Exercise description ->
Copy the material below verbatim from the line with "Studio House - Exterior/Street View" to the line with "دانلود کتاب خلبانی", both lines included, omitting pictures and every line outside that range.

Data for processing ->
--------

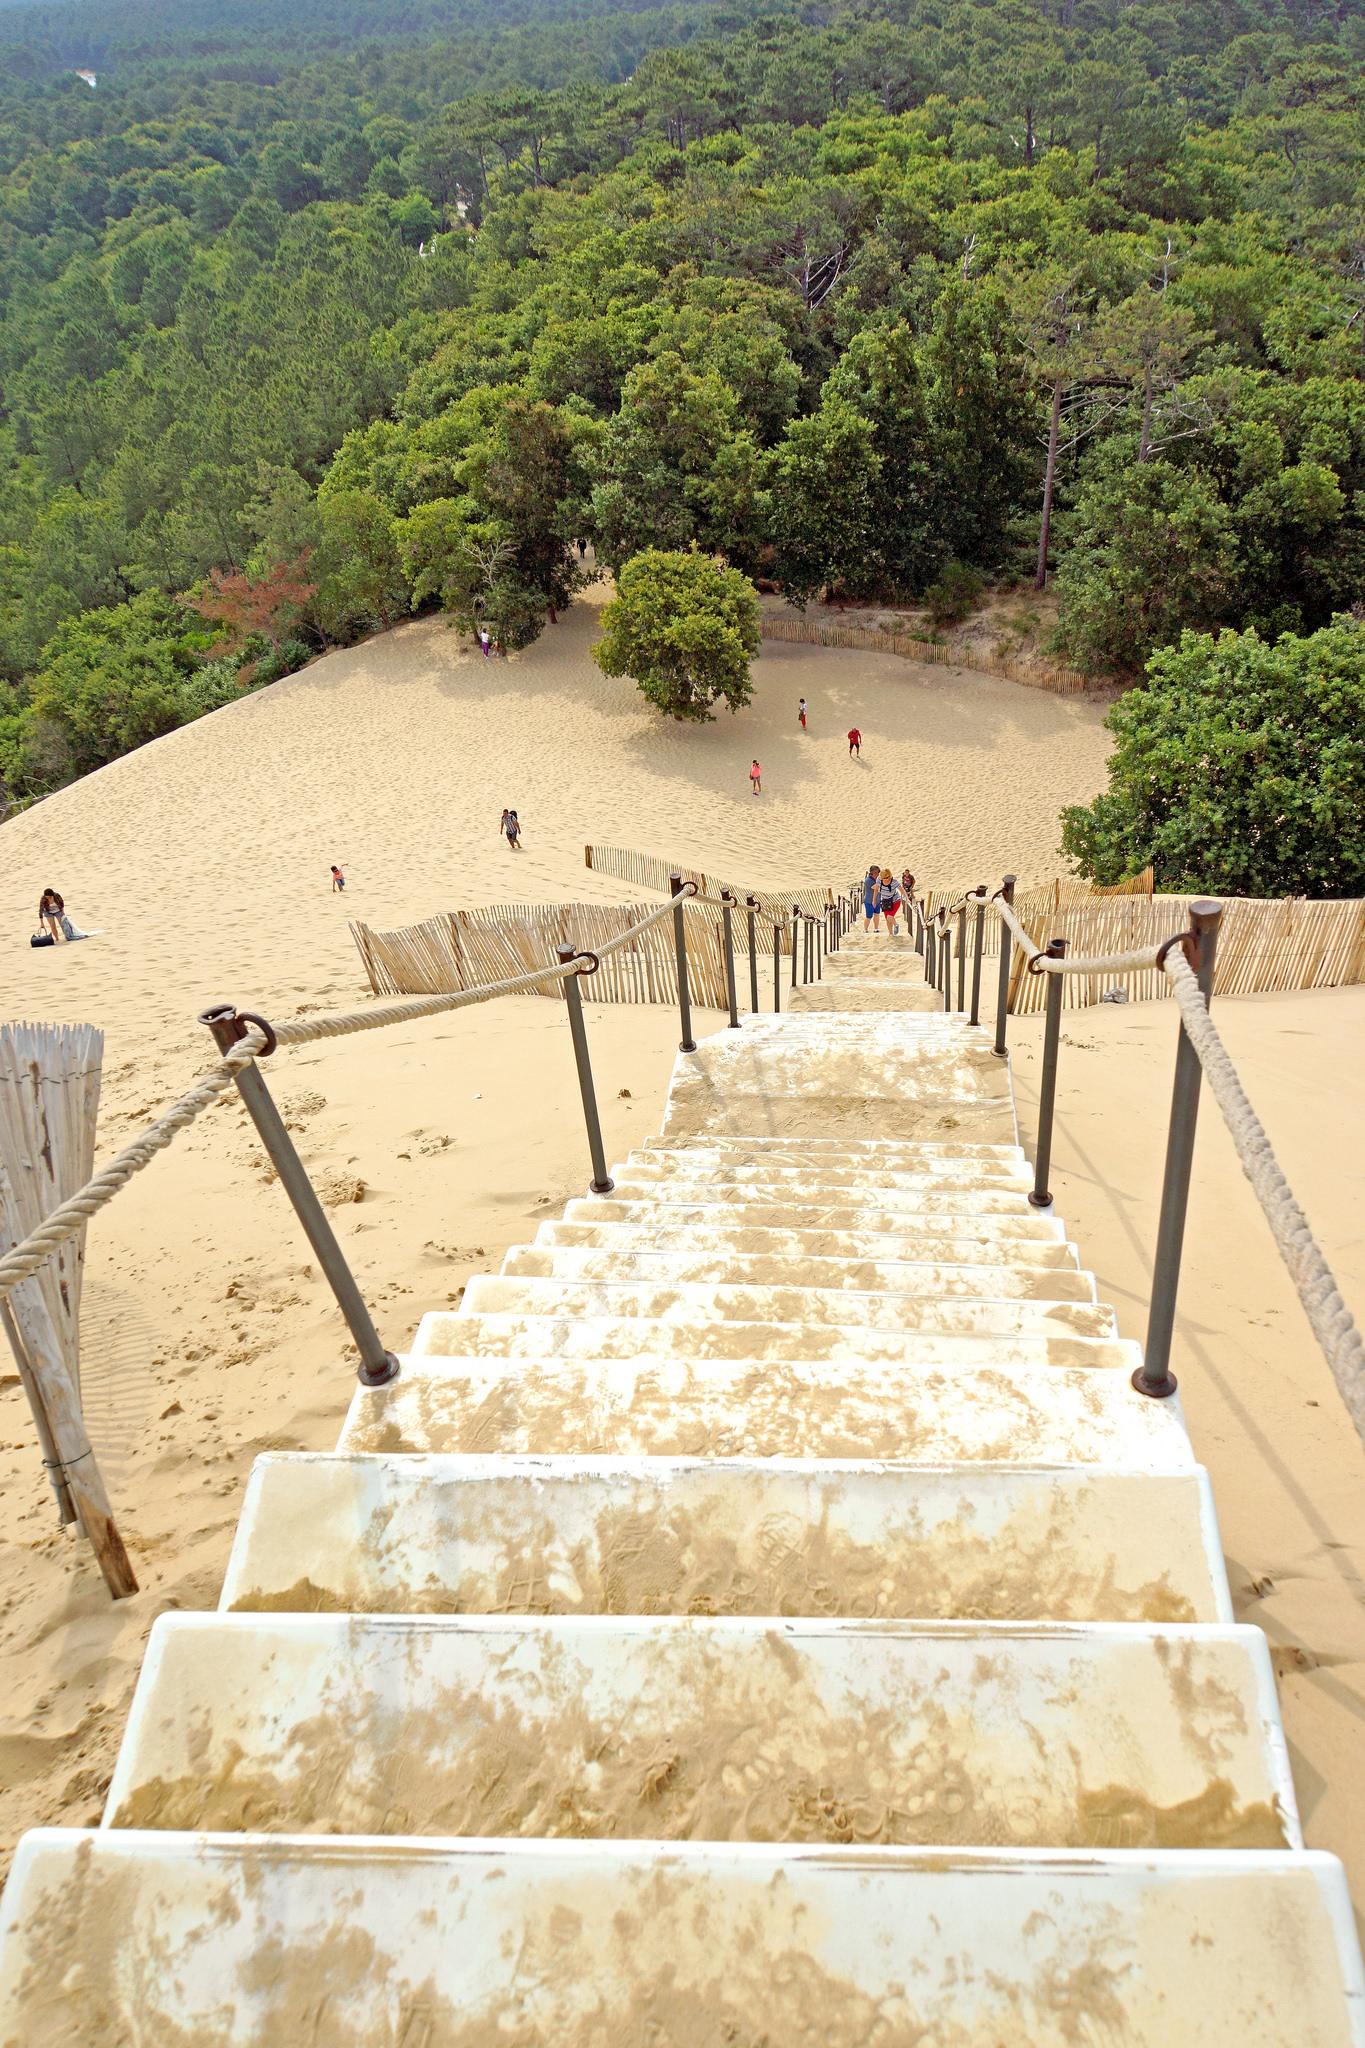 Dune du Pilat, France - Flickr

--------

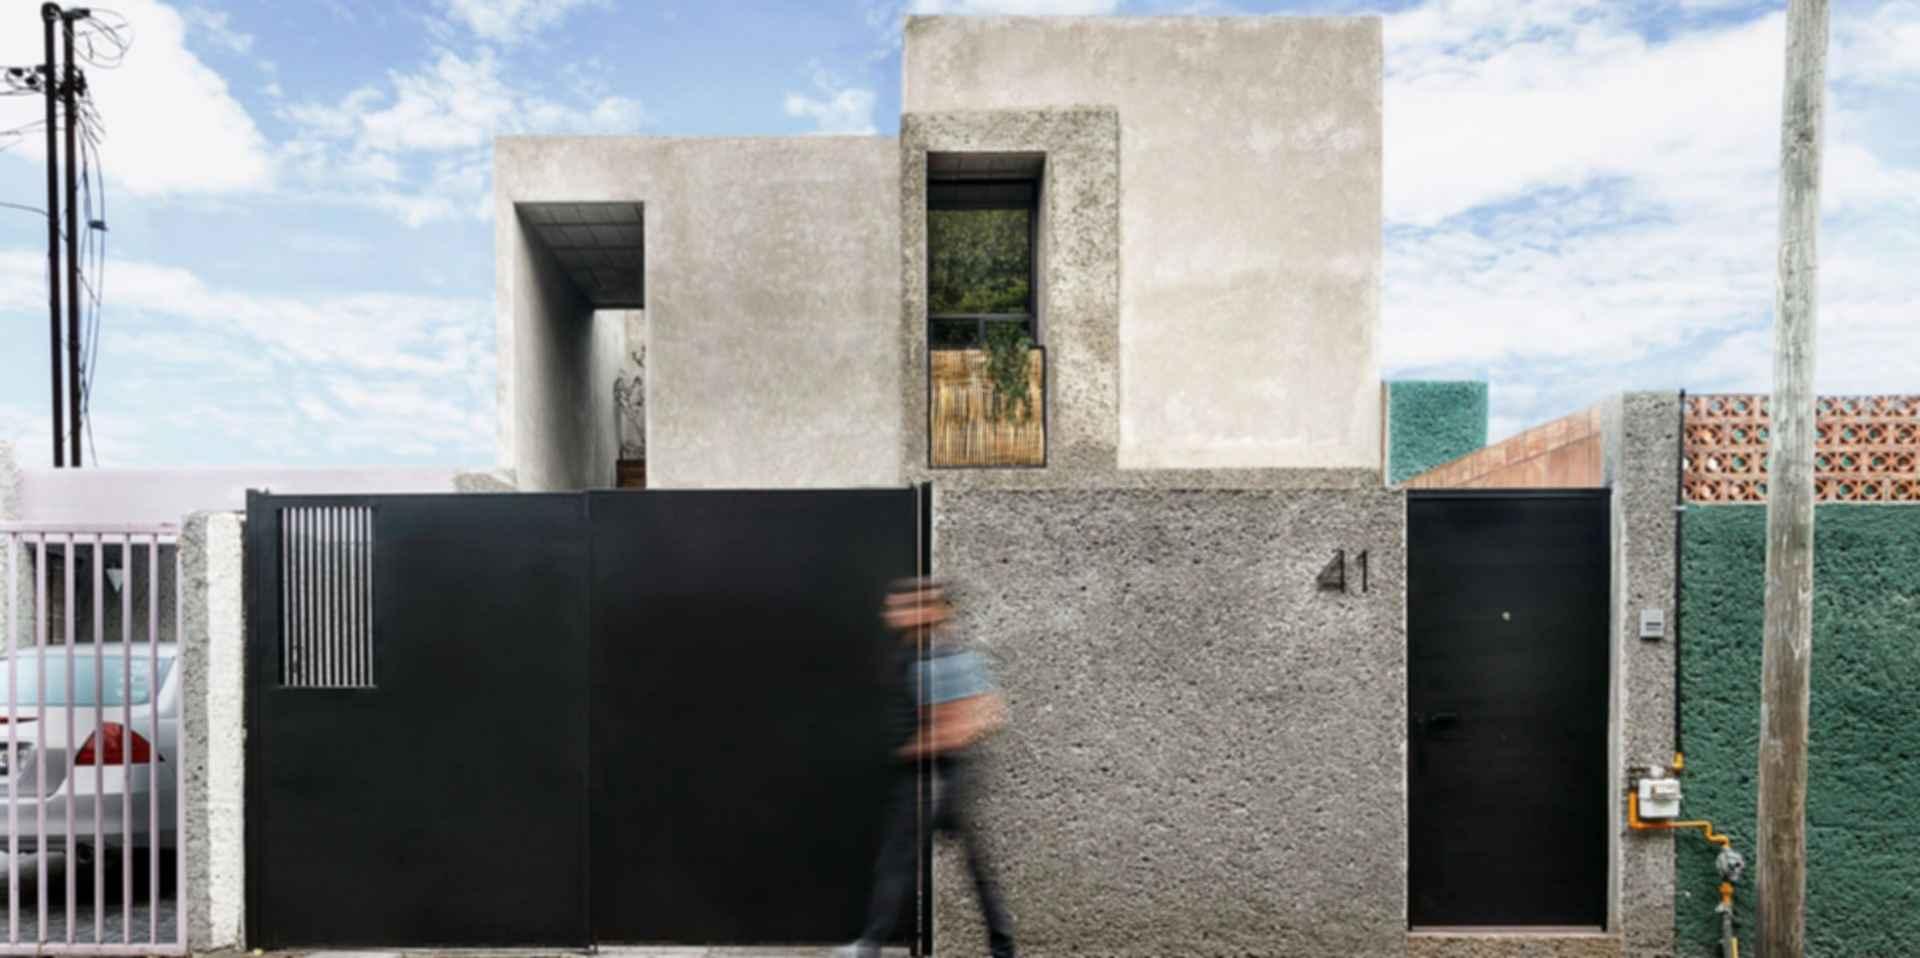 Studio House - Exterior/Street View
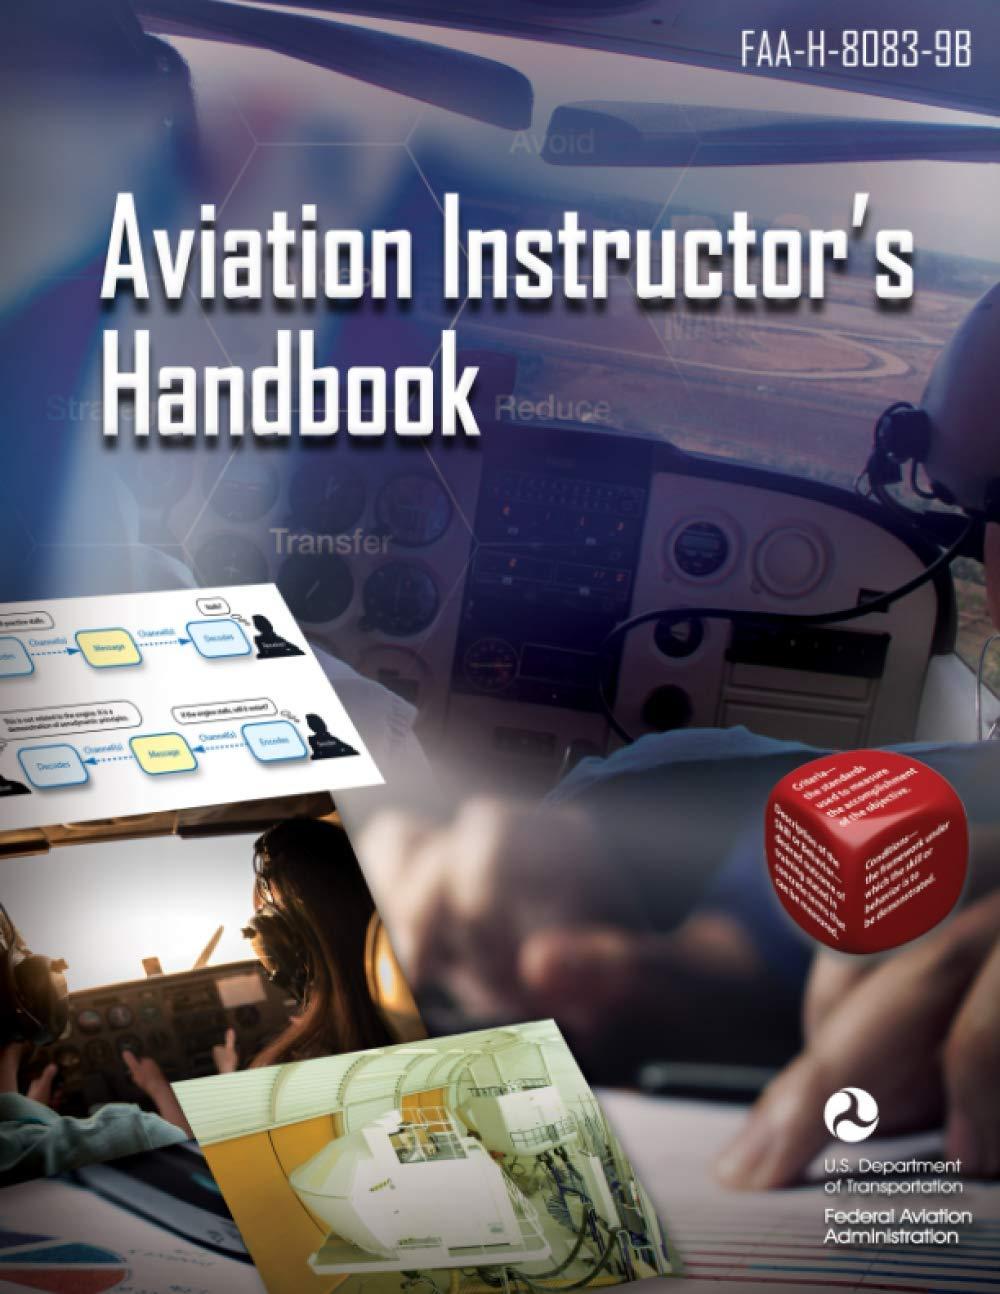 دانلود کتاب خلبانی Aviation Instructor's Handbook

--------

Exercise result ->
 Studio House - Exterior/Street View
 دانلود کتاب خلبانی Aviation Instructor's Handbook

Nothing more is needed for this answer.